Artist’s Books

The first person using the word “multi-interpretability” was Umberto Eco, and it did not happen without a purpose. In his essays, he showed how, even facing a close system or a thesis or a well-defined concept, analysing things can highlight weaknesses, flaws, an openness to multiple readings.

So, his last volume “Dall’albero al labirinto. Saggi sulla storia della semiotica” (From the Tree to the Labyrinth: Historical Studies on the Sign and Interpretation), just printed and published by Pompiani, collects many of his recent essays on this topic.
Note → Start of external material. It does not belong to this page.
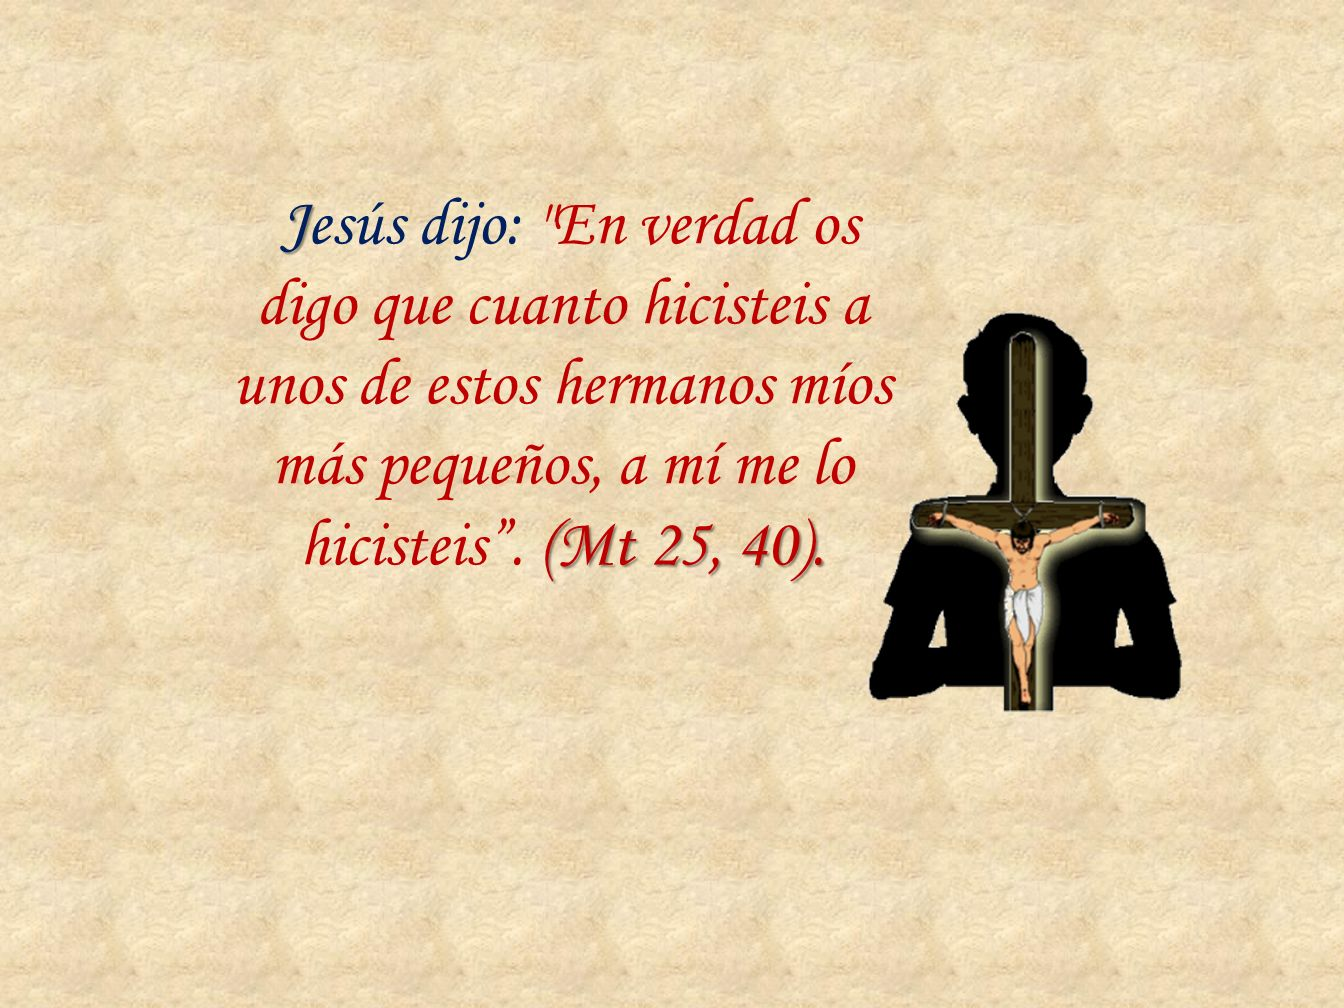 Jesús dijo: En verdad os digo que cuanto hicisteis a unos de estos hermanos míos más pequeños, a mí me lo hicisteis .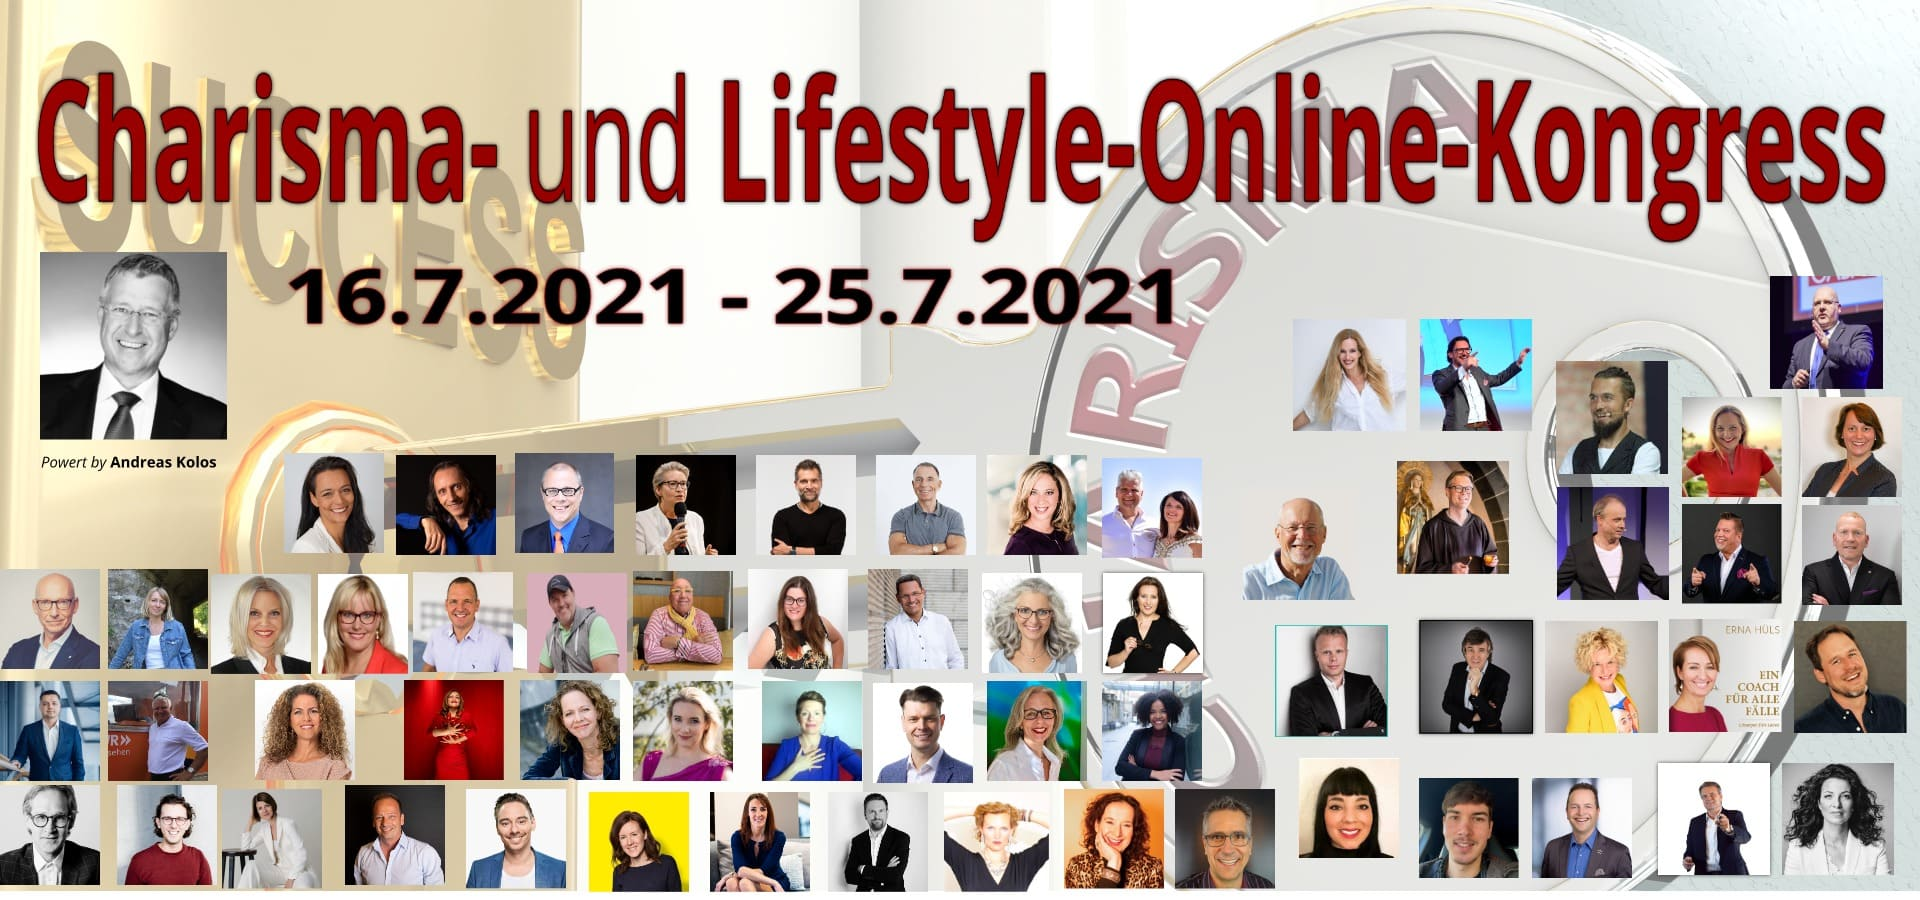 Charisma und Lifestyle-Online-Kongress

In spite of the speed of everything in virtual reality and the easy access to information, which are basic features of the Internet, fortunately, many are those who still explore books. The cold nature of the computer contrasts with the undeniable, distinctive and peculiar traits of a printed text. There are physical and organoleptic elements that a video or a keyboard cannot never replace. A book triggers a physical relationship; it turns on all the five senses, and even the sixth one. It makes you feel personal, unique emotions: the smell of paper, the weight, the font used to write the characters of the text, the smooth and rough pages and covers, the format size, the portability, the colours, and the silence in a library or the bustle in a train. In other words, there is whole body interaction that Laura Scopa does not miss when she decides to create ceramics artist’s books.

She comes from the books, she knows how to create it, especially by using engravings. Her unexpected convergence with ceramics turns new pages, which she decides to bind, as they were a real text.

Apparently a paradox, but, to speak truly, ceramic is the material of knowledge. For millennia, history has devolved on clays, so it has been canonised by Attican craters, Egyptian urns, Japanese cups, and so on.

Ceramic is the material used to tell the story of cultures; it represents a photographic film that men have been engraving for centuries. There was a time when it was a professional craft, and, today, so is it to Laura.

Her aim as a ceramicist bookseller is “the need to overcome physical hindrances” by empowering compactness and high temperature of the stoneware (grès) to manage the lightness of a landscape etched with a metal needle and the transparency of a text written with paintbrush. Here, there is an uninterrupted play between contained and container, yet signifier and signified.

Laura chooses weight and rigidity of the ceramic pages to handle her emotional container, her personal paper story.